Как тут не вспомнить хрестоматийную сцену из не менее хрестоматийного Диккенса?
“Настал вечер; мальчики заняли свои места. Надзиратель в поварском наряде поместился у котла; его нищие помощницы расположились за его спиной. Каша была разлита по мискам. И длинная молитва была прочитана перед скудной едой. Каша исчезла; мальчики перешептывались друг с другом и подмигивали Оливеру, а ближайшие соседи подталкивали его... Он встал из-за стола и, подойдя с миской и ложкой в руке к надзирателю, сказал, немножко испуганный своей дерзостью:
- Простите, сэр, я хочу еще.
Надзиратель был дюжий, здоровый человек, однако он сильно побледнел.... Помощницы онемели от удивления, мальчики - от страха...
Надзиратель ударил Оливера черпаком по голове, крепко схватил его за руки и завопил, призывая бидла.
Совет собрался на торжественное заседание, когда мистер Бамбл в великом волнении ворвался в комнату и, обращаясь к джентльмену, восседавшему в высоком кресле, сказал:
- Мистер Лимкинс, прошу прощенья, сэр! Оливер Твист попросил еще каши!
Произошло всеобщее смятение. Лица у всех исказились от ужаса...
- Этот мальчик кончит жизнь на виселице, - сказал джентльмен в белом жилете. - Я знаю: этот мальчик кончит жизнь на виселице”.
К тому же иные попечители и надзиратели не гнушались нажиться на довольствии обитателей работных домов. Некоторые факты, раскопанные журналистами, имели большой резонанс, хотя то была лишь капля в море злоупотреблений. Тогда, как и сейчас, в закрытых социальных учреждениях старались, чтобы любопытные не очень-то совали нос во внутренние дела “соцработников”.
Один из таких “прорвавшихся” во внешний мир скандалов случился в Эндоверском работном доме (графство Гемпшир на юге Англии). Его обитатели были приставлены к малоприятной работе - перерабатывать на удобрения старые кости. Рацион бедолаг был настолько “облегчен” надзирателями, что люди с голоду бросались грызть гнилые мослы.
Впрочем, условия в работных домах зависели от доброй воли попечителей. Вот что пишет Пикард про другой работный дом, сравнивая его с сент-марилебонским:
“В Вестминстерском Общем работном доме каждого бродягу, обратившегося в обычное отделение, принимали в любое время дня и ночи, выдавали ему 6 унций хлеба и унцию сыра, предоставляли спальное место на настиле, застеленном соломой, и давали два-три пледа, которые ежедневно подвергались окуриванию. Когда они уходили, зимой в восемь часов утра, а летом в семь, им давали еще хлеба и сыра. Работать не требовалось. Это показывает, как приходы и Союз (союзы попечения о бедных стали появляться на основе приходов после закона 1834 года. - Прим. А.Ц.), несмотря на законы, продолжали действовать каждый на свой лад, щедро или скупо”.
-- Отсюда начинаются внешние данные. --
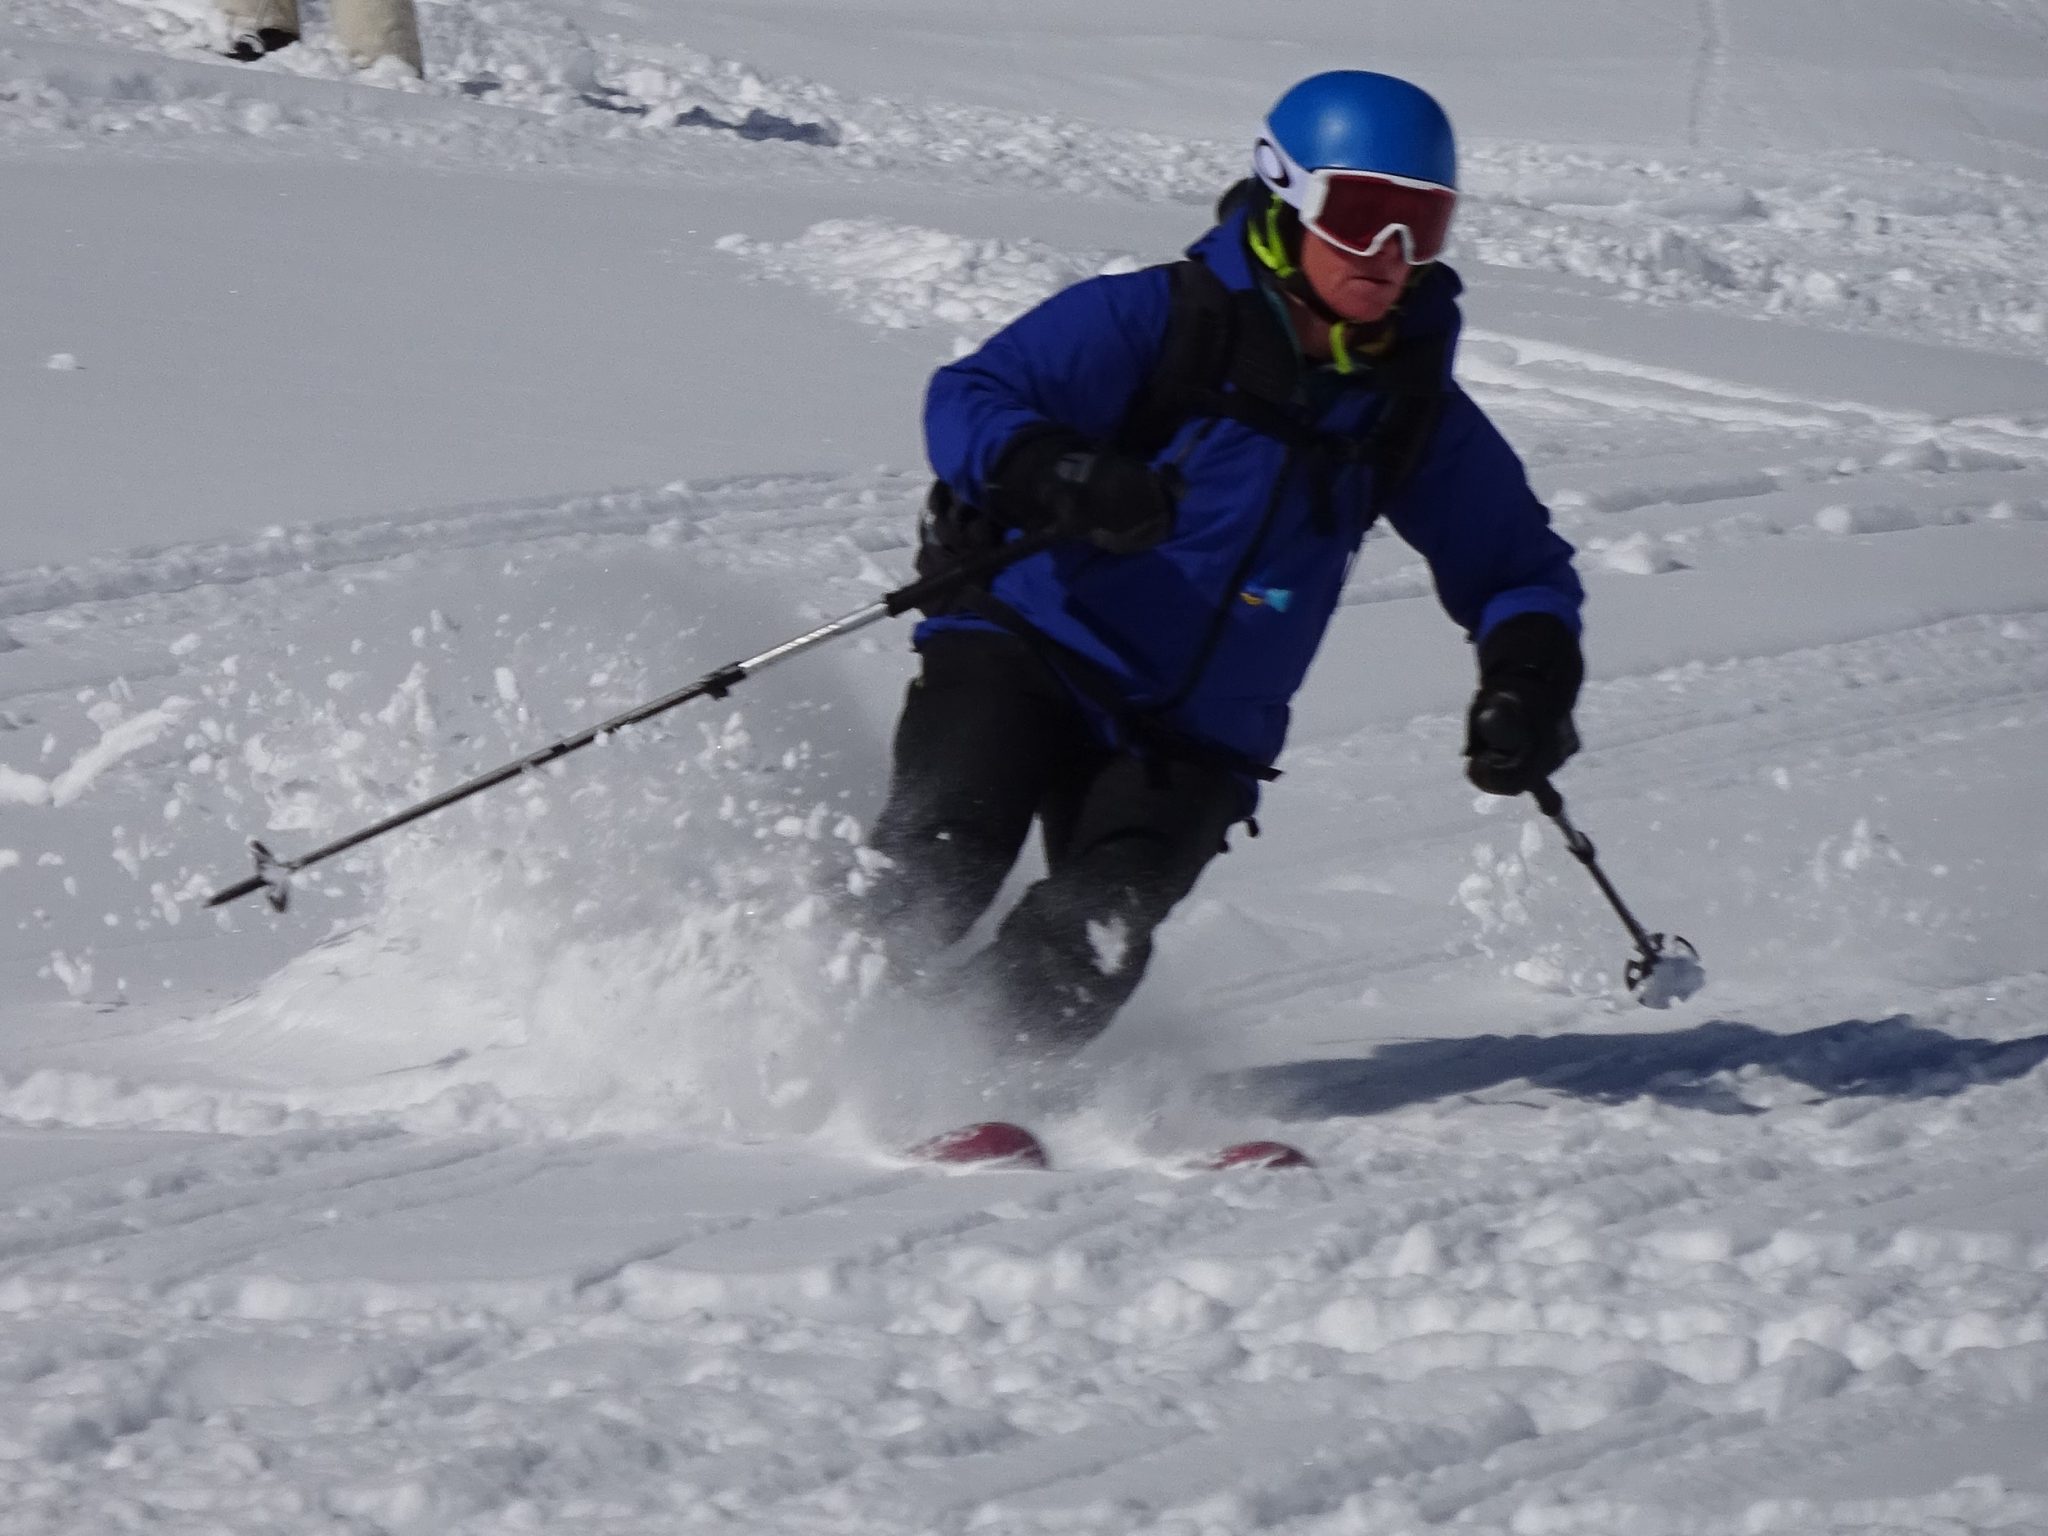 Pockets of Powder snow | Ski Breezy

Если взрослый мужчина все же мог уйти из работного дома и попытаться найти сезонный заработок, то старикам, женщинам и детям идти было, как правило, некуда.
В работном доме, однако, детям было положено какое-никакое, но бесплатное начальное образование, которого в целом тогдашнее британское законодательство вовсе не гарантировало. К тому же таких детей часто, как и Оливера Твиста, отдавали в обучение мастерам. Правда, методы воспитания и профобучения были таковы, что дети порою гибли.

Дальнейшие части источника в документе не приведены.